Women are less likely to receive lifesaving treatment for cardiogenic shock than men, according to research presented today at ESC Acute CardioVascular Care 2022, a scientific congress of the European Society of Cardiology (ESC).
Cardiogenic shock (CS) is a prevalent cause of death, and despite advances in therapeutic alternatives, care remains difficult. CS is characterized by significant myocardial dysfunction, which leads to decreased cardiac output, end-organ hypoperfusion, and hypoxia. Clinically, this manifests as hypotension that is resistant to volume resuscitation and has end-organ hypoperfusion symptoms that necessitate pharmacological or mechanical intervention. In CS, 81 percent of patients have an acute myocardial infarction (MI).
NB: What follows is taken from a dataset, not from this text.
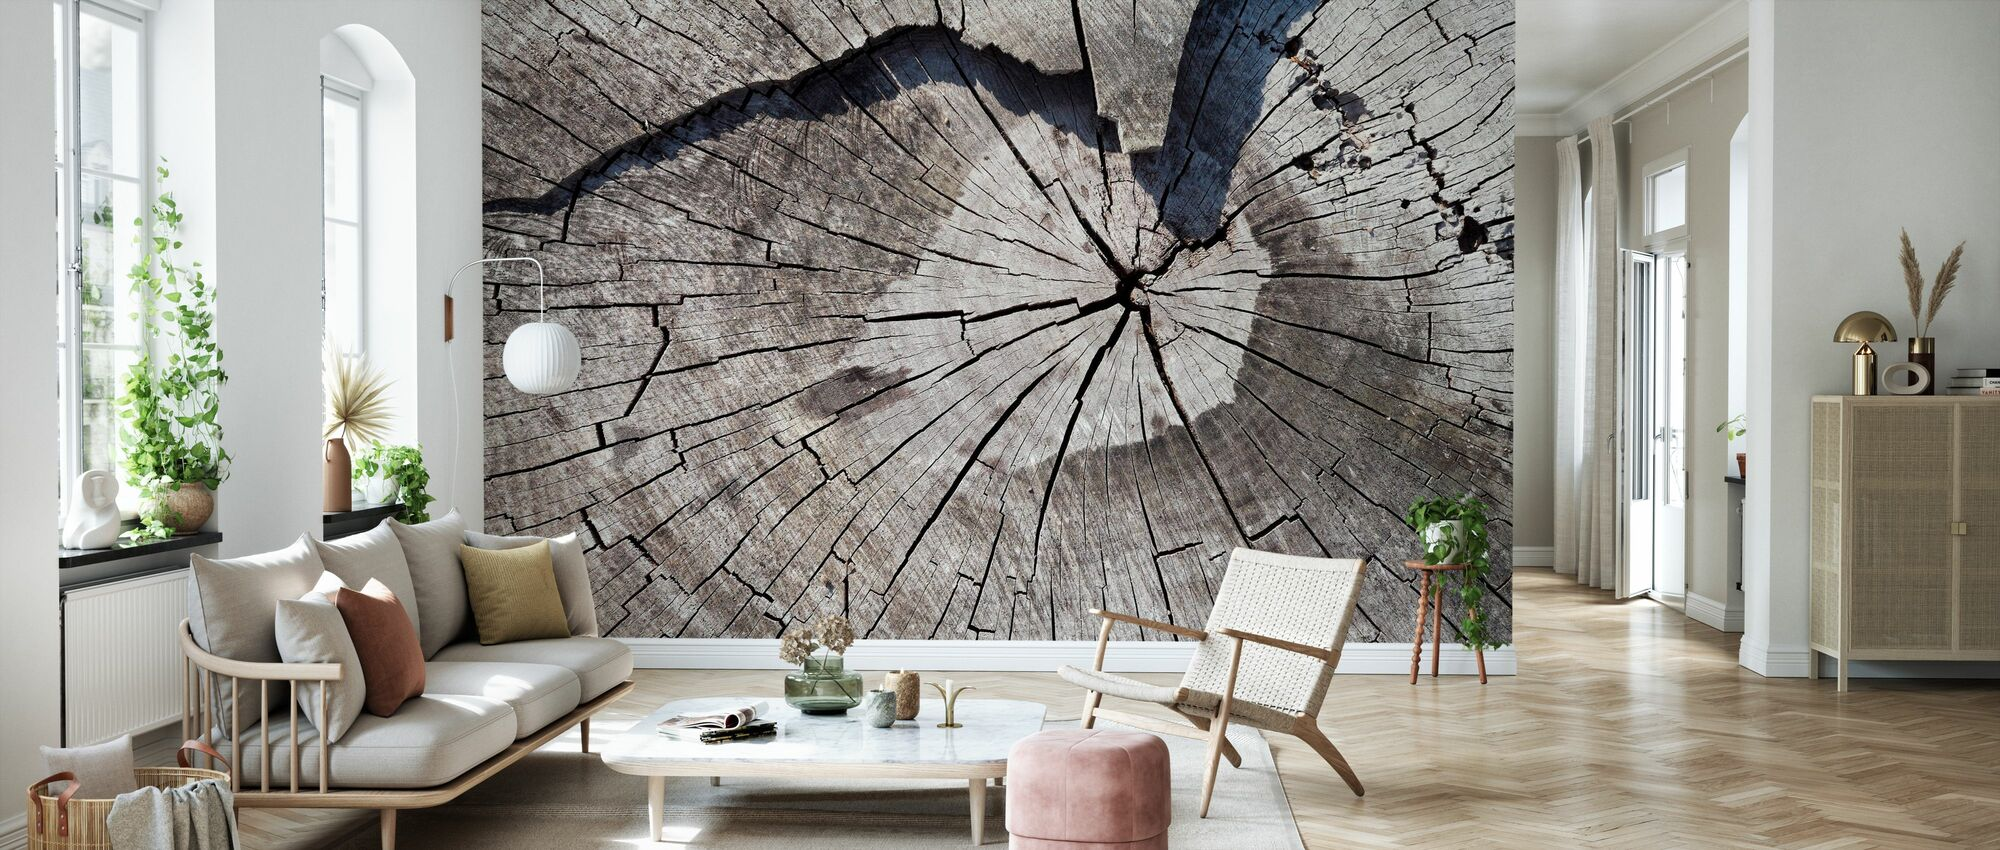 Old Tree Trunk - Wallpaper - Living Room

Cardiogenic shock is a life-threatening disorder in which the heart stops pumping enough blood to deliver enough oxygen to the body’s organs. A heart attack causes it, and only half of those who have one will survive. Women were much more likely than males to be admitted to a local hospital at the outset (41 percent versus 30 percent), and men arrived with out-of-hospital cardiac arrest. Following a heart attack, women are less likely than males to survive in the short and long term. Only 38 percent of women remained alive 30 days after the event, compared to 50 percent of men.
“The women and men in our study had similar clinical characteristics when they developed cardiogenic shock after a heart attack,” said study author Dr. Sarah Holle of Copenhagen University Hospital, Rigshospitalet, Denmark. “This was a retrospective study so it is difficult to know why clinicians made certain treatment decisions. But the findings indicate that greater awareness among health professionals that women have heart attacks and may develop cardiogenic shock could be a step towards equitable management and outcomes.”